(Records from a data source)
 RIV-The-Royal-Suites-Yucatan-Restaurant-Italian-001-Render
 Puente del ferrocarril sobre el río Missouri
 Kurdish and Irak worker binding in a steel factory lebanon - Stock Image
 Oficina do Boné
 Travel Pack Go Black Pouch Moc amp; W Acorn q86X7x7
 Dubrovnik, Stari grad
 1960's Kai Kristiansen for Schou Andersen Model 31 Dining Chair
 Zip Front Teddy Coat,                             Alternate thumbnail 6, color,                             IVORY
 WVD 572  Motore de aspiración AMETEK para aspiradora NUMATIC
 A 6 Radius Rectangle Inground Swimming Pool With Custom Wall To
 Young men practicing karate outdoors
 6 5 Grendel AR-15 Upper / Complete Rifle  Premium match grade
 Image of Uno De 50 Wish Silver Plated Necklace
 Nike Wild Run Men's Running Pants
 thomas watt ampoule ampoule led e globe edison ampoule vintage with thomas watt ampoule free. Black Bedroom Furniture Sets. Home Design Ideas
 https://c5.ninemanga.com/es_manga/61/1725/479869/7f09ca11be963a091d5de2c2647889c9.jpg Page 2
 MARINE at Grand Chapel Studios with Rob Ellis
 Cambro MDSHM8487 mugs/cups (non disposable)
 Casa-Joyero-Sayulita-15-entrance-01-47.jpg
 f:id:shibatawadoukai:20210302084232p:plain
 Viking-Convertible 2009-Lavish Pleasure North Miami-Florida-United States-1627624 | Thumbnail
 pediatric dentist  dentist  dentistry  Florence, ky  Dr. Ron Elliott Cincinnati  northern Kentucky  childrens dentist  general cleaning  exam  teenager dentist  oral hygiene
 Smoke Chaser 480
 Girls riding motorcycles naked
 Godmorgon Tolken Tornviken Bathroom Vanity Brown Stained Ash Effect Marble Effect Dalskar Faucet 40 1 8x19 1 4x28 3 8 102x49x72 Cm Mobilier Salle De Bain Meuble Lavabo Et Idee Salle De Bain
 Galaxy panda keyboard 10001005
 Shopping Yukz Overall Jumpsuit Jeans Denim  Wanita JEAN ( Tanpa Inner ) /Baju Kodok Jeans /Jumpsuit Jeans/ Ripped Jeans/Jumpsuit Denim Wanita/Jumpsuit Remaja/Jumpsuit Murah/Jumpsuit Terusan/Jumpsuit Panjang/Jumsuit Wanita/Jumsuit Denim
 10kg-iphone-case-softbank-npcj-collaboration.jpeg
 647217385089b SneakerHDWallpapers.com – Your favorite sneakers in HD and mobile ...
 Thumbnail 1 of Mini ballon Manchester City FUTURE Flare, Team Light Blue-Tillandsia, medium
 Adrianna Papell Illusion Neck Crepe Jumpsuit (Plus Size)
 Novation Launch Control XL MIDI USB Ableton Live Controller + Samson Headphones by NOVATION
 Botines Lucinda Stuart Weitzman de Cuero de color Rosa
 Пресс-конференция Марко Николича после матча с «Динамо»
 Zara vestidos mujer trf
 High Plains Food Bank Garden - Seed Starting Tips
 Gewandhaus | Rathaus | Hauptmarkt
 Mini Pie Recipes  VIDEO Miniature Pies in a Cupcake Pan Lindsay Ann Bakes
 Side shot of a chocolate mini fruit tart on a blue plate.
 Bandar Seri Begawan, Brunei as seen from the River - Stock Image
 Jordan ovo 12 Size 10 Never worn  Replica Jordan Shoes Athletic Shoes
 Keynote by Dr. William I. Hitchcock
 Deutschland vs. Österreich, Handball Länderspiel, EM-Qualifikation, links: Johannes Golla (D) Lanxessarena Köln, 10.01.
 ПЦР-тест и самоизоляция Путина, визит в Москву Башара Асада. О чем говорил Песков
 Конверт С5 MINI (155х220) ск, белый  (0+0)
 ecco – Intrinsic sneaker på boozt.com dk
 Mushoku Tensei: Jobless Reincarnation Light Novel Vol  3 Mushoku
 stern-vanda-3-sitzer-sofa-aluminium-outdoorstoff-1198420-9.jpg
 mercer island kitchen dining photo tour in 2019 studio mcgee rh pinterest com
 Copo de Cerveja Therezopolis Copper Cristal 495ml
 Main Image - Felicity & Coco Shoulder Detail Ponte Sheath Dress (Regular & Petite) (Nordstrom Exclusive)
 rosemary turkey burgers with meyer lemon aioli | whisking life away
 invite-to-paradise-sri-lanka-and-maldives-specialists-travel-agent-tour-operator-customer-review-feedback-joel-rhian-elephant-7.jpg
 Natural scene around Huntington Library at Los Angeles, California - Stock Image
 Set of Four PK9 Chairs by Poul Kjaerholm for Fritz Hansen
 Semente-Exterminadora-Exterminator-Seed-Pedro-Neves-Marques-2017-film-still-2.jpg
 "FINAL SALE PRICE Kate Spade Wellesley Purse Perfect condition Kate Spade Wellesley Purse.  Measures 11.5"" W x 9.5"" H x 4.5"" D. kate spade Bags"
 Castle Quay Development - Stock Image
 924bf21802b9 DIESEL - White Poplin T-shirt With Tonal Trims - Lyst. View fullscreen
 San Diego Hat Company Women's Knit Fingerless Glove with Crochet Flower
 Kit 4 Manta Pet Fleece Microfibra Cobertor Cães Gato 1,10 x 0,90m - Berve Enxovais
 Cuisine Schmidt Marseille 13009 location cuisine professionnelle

• TASK GOAL: The reply should consist of one number, the count of lines above with the string "Seed" in them.

• EXERCISE ANSWER: 2